Oriental Religions and Christianity eBook

This eBook from the Gutenberg Project consists of approximately 379 pages of information about Oriental Religions and Christianity.

Oriental Religions and Christianity eBook

This eBook from the Gutenberg Project consists of approximately 379 pages of information about Oriental Religions and Christianity.

This tribute to the completeness and power of Christ’s personality is calculated to remind one of a memorable chapter in the well-known work of the late Dr. Horace Bushnell, entitled, “Nature and the Supernatural.”  With a wonderful power it portrays Christ as rising above the plane of merely human characters—­as belonging to no age or race or stage of civilization—­as transcendent not in some of the virtues, but in them all—­as never subject to prejudice, or the impulse of passion, never losing that perfect poise which it has been impossible for the greatest of men to achieve—­as possessed of a mysterious magnetism which carried conviction to His hearers even when claiming to be one with the Infinite—­as inspiring thousands with a love which has led them to give their lives for His cause.[218]

I have often thought that one of the most striking evidences of the divine reality of the Christian faith is found in the reflection of Christ’s personality in the character and life of the apostle Paul.[219] No one can doubt that Paul was a real historic personage, that from having been a strict and influential Jew he became a follower of Jesus and gave himself to His service with a sublime devotion; that he sealed the sincerity of his belief by a life of marvellous self-denial.  He had no motive for acting a false part at such cost; on the contrary, an unmistakable genuineness is stamped upon his whole career.  How shall we explain that career?  Where else in the world’s history have we seen a gifted and experienced man, full of strong and repellant prejudices, so stamped and penetrated by the personality of another?

On what theory can we account for such a change in such a life, except that his own story of his conversion was strictly true, that he had felt in his inmost soul a power so overwhelming as to sweep away his prejudices, humble his pride, arm him against the derision of his former friends, and prepare him for inevitable persecution and for the martyr death of which he was forewarned?  So vivid were his impressions of this divine personality that it seemed almost to absorb his own.  Christ, though He had ascended, was still with him as a living presence.  All his inspiration, all his strength came from Him.  His plans and purposes centred in his Divine Master, and his only ambition was to be found well-pleasing in his sight.  He saw all types and prophecies fulfilled in Him as the Son of God, the fulness of His glory, and the express image of His person.  Paul never indulged in any similes by which to express the glory of heaven; it was enough that we should be like Christ and be with Him where He is.
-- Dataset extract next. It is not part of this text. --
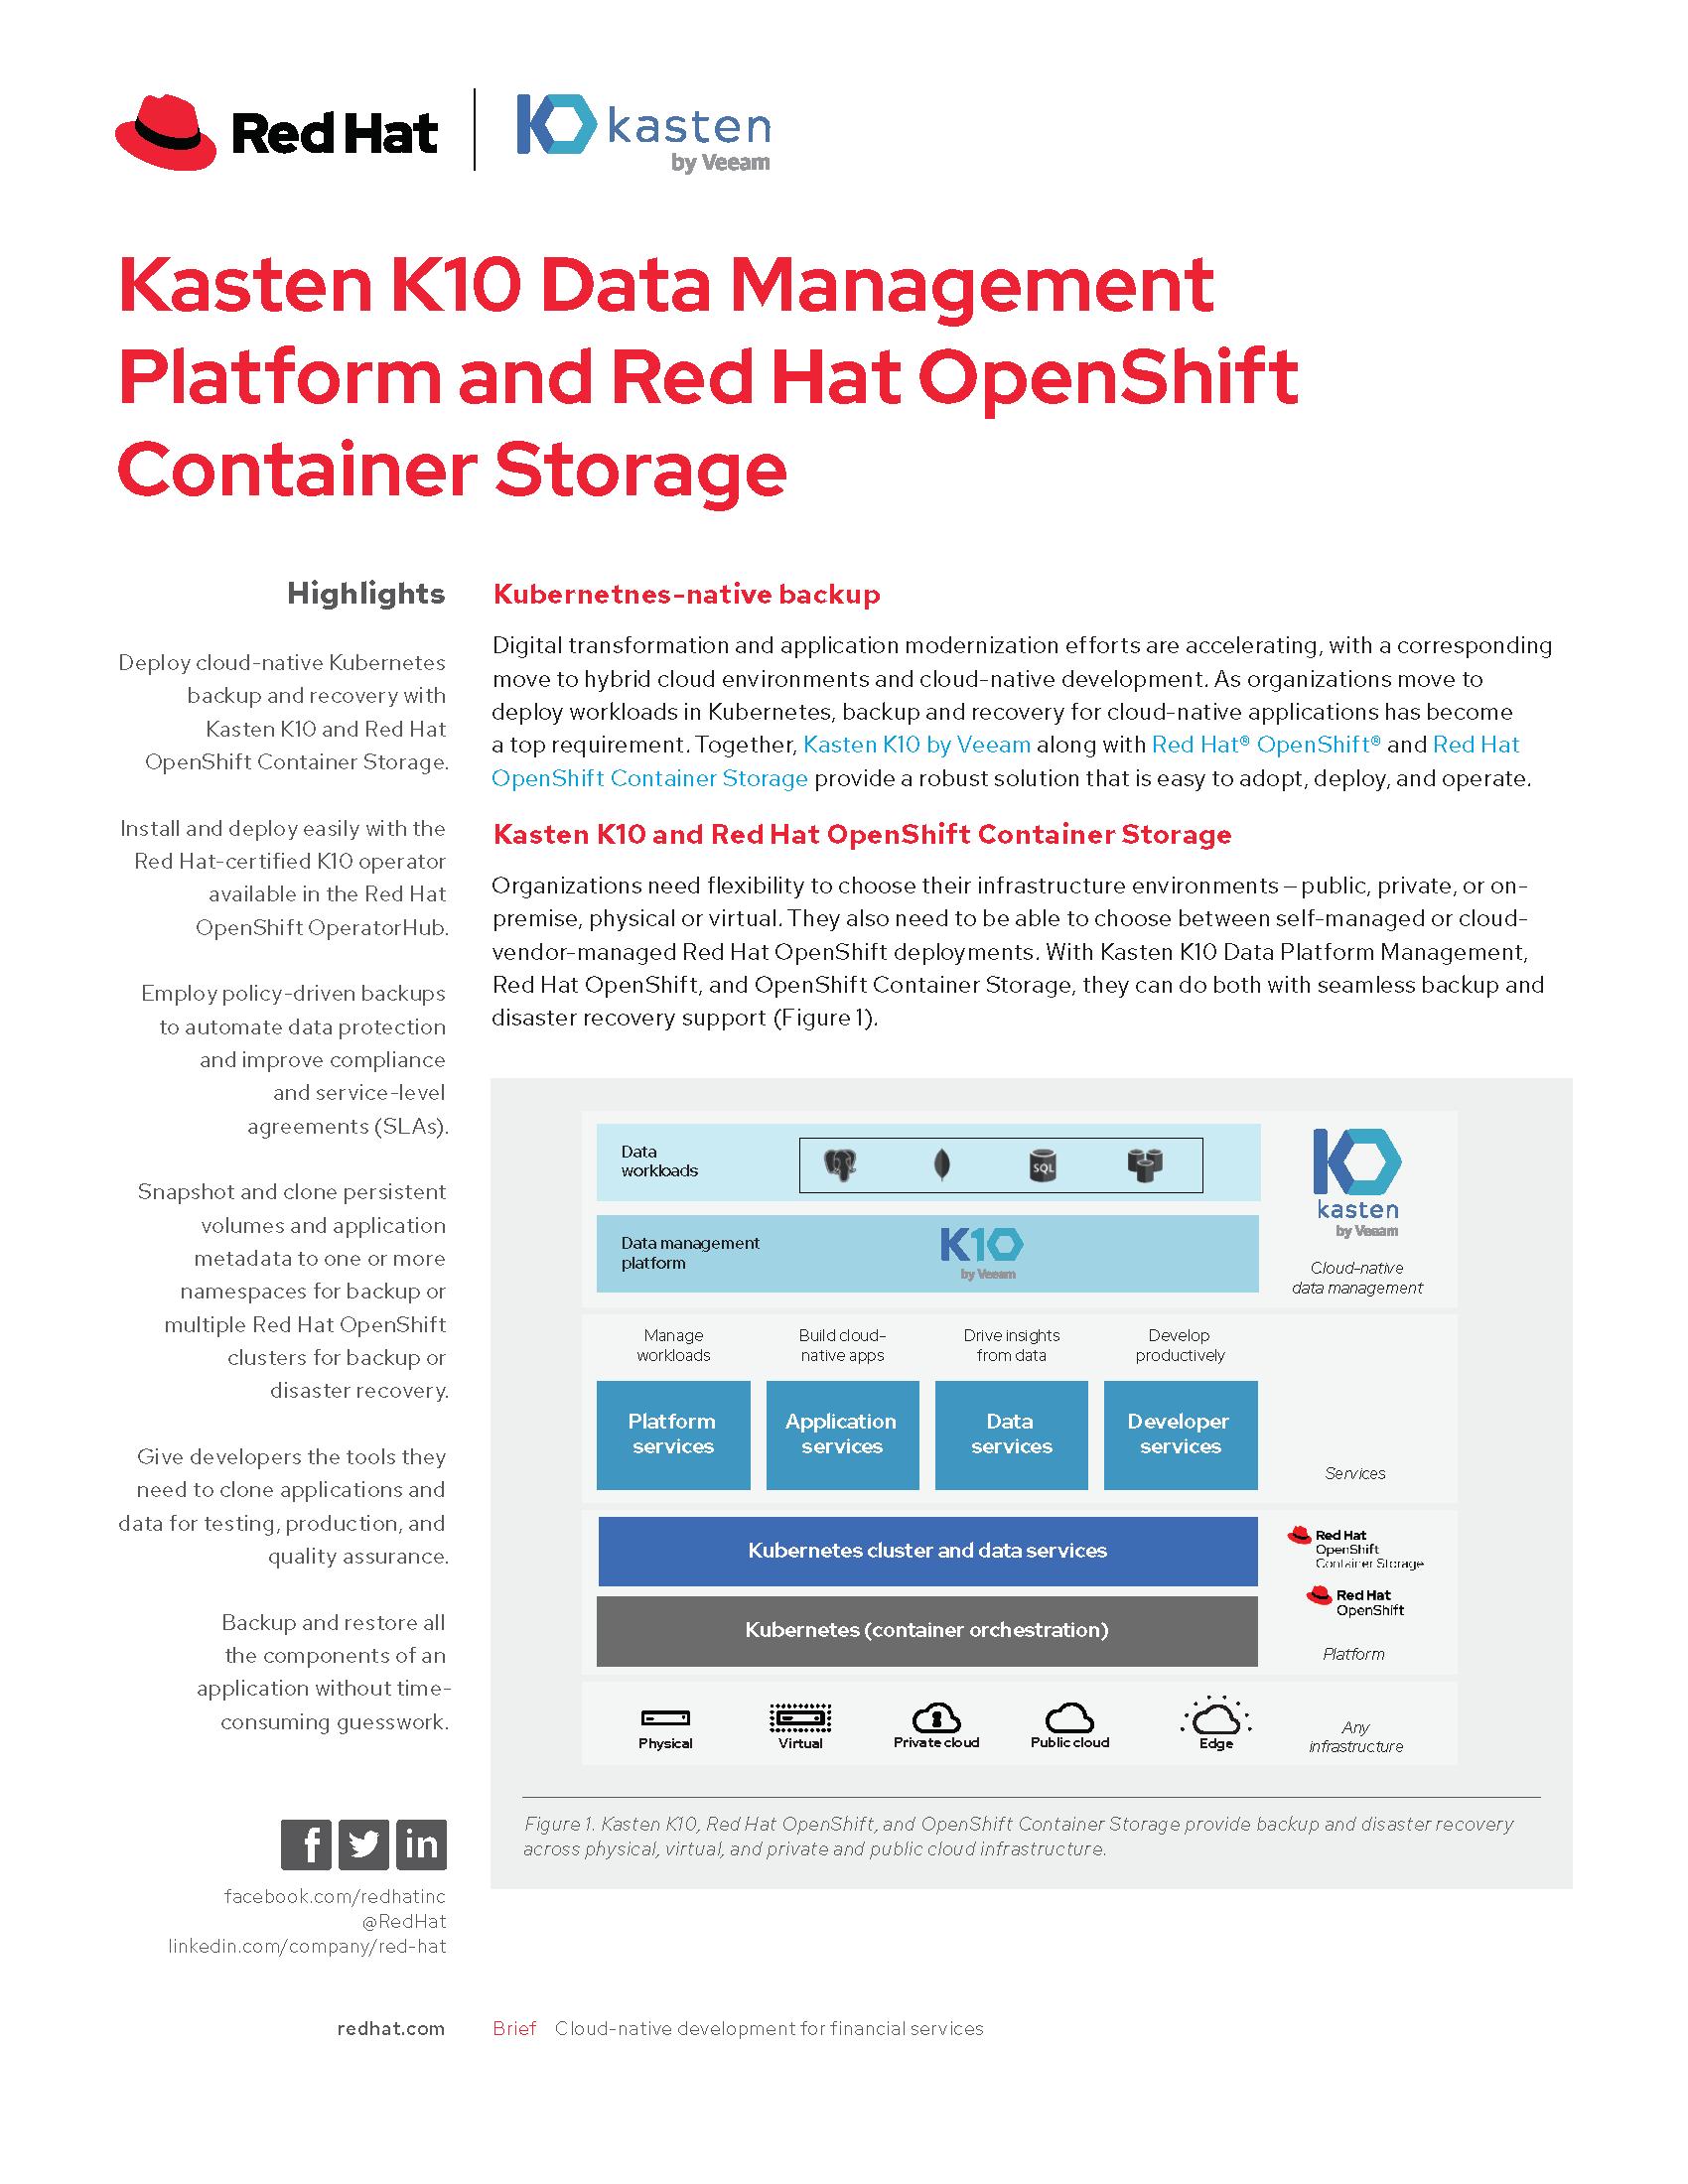 RedHat-Kasten-k10-soln-brief-K10-on-OpenShiftwithOCS_Page_1

The writings of all the apostles differ from the books of other religions in the fact that their doctrines, precepts, and exhortations are so centred in their divine Teacher and Saviour.  Buddha’s disciples continued to quote their Master, but Buddha was dead.  Theoretically not even his immortal soul survived.  He had declared that when his bodily life should cease there would be nothing left of which it could be said “I am.”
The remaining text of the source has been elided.